Genomic Characterization of Listeria monocytogenes in Andalucía.

Resumen

Listeria monocytogenes is a Gram positive, foodborne pathogen which can cause a wide range of infections including gastroenteritis, meningitis, and bacteremia. This ubiquitous organism can be isolated from food (milk, meat, and fish products) and food production plants. Ability to surviving L. monocytogenes in the environment as well as threat for consumers depends on the presence of virulence genes and genes connected with resistance for sanitizers or antimicrobials. In this work, Listeria monocytogenes whole genome sequencing data from the Sistema Integrado de Epidemiología Genómica de Andalucía (SIEGA) was used to determine the sequence type of isolates based on multi-locus sequence typing (MLST), construct a core single nucleotide polymorphism (SNP) phylogeny and determine the presence of virulence and resistance associated genes. Overall the work indicates that a genetically diverse range of L. monocytogenes strains is present in Andalucía. While some samples have premature stop codons in an important virulence gene (inlA), which have been shown to attenuate virulence, others contain different pathogenicity islands (LIPI-3,4) related to a hypervirulent phenotype. With regard to resistance genes, the presence of both genomic islands Survival Stress Islet (SSI-1,2) has been detected in variable proportions, which allows them to survive under different suboptimal conditions. The presence of genes related to resistance to fosfomycin (fosx), lincosamides (lin), quinolones (norB), nicine (mprF), and sulfonamides (sul) have also been detected in most samples. Also, to a lesser extent, other types of resistance genes have been detected as genes associated with resistance to aminoglycosides (aacA4) or associated with resistance to sanitizers and disinfectants (bcrABC, qac).
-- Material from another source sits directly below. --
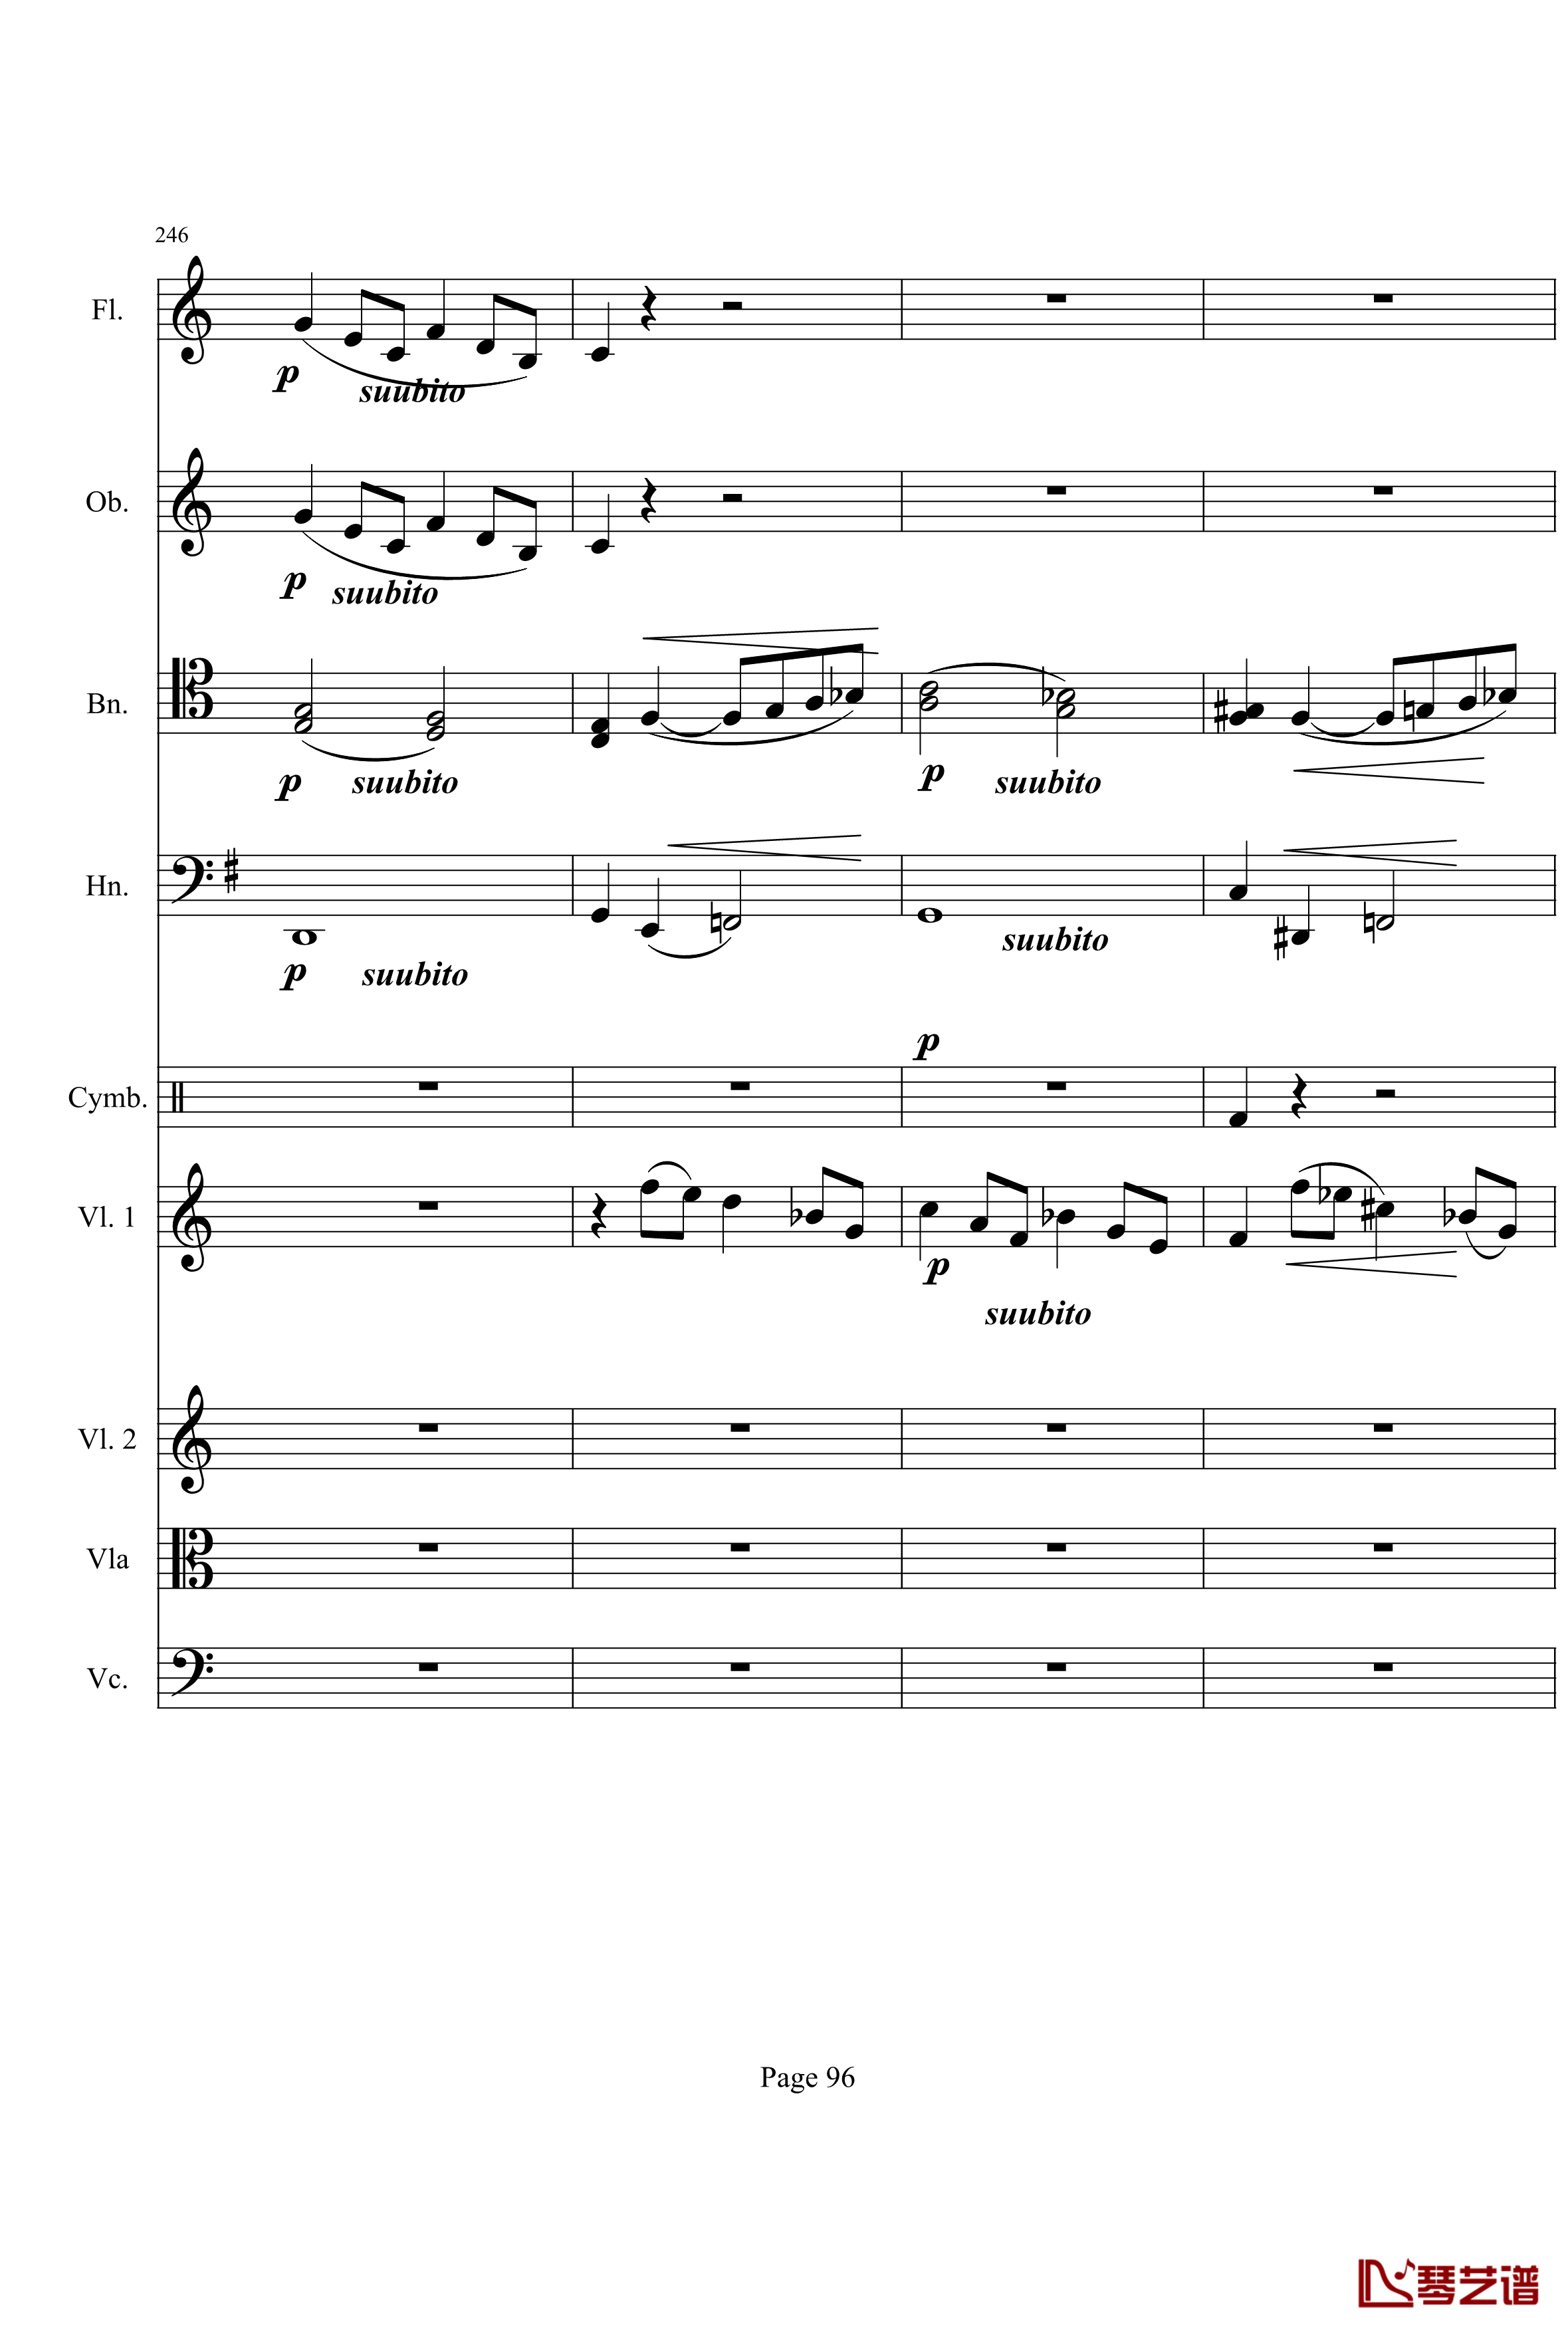 奏鸣曲之交响钢琴谱-第21首-Ⅰ-贝多芬-beethoven96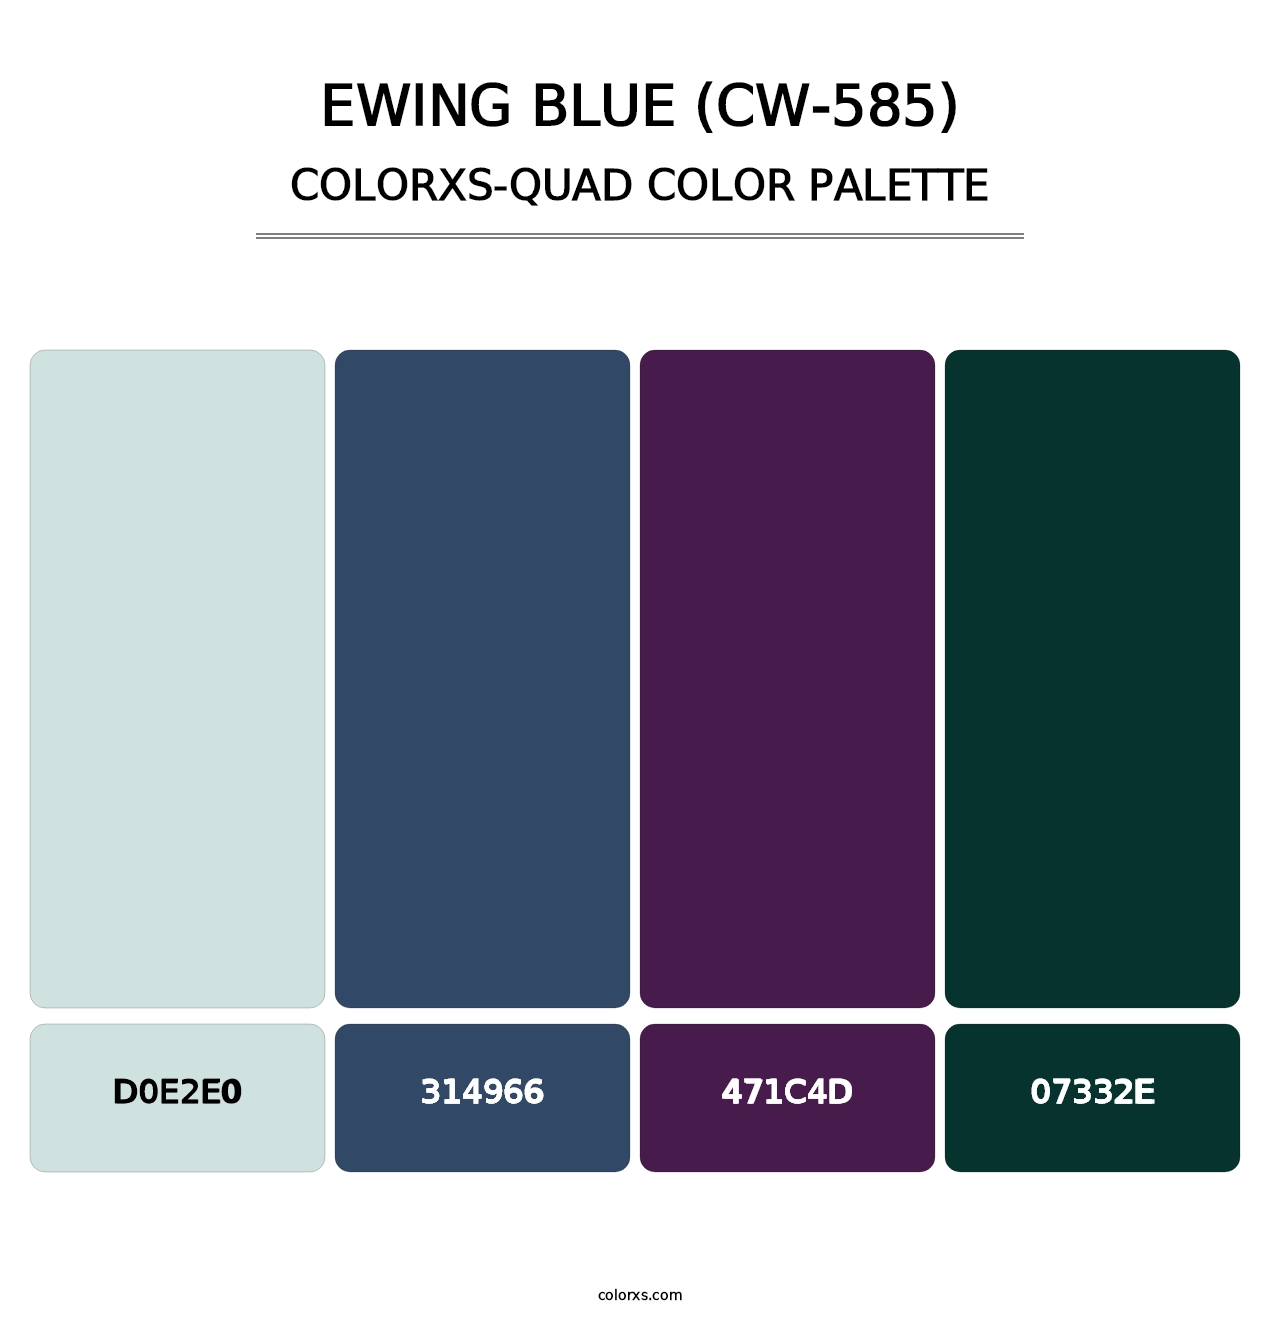 Ewing Blue (CW-585) - Colorxs Quad Palette

The genomic characterization of the different samples through bioinformatics tools allows us to track and demonstrate the genetic diversity of the L. monocytogenes samples obtained from different sources, giving us information on the pathogenic potential of the samples. These methods have the potential to extrapolate our knowledge of how different genetic mechanisms lead to variation in responses to stress and virulence.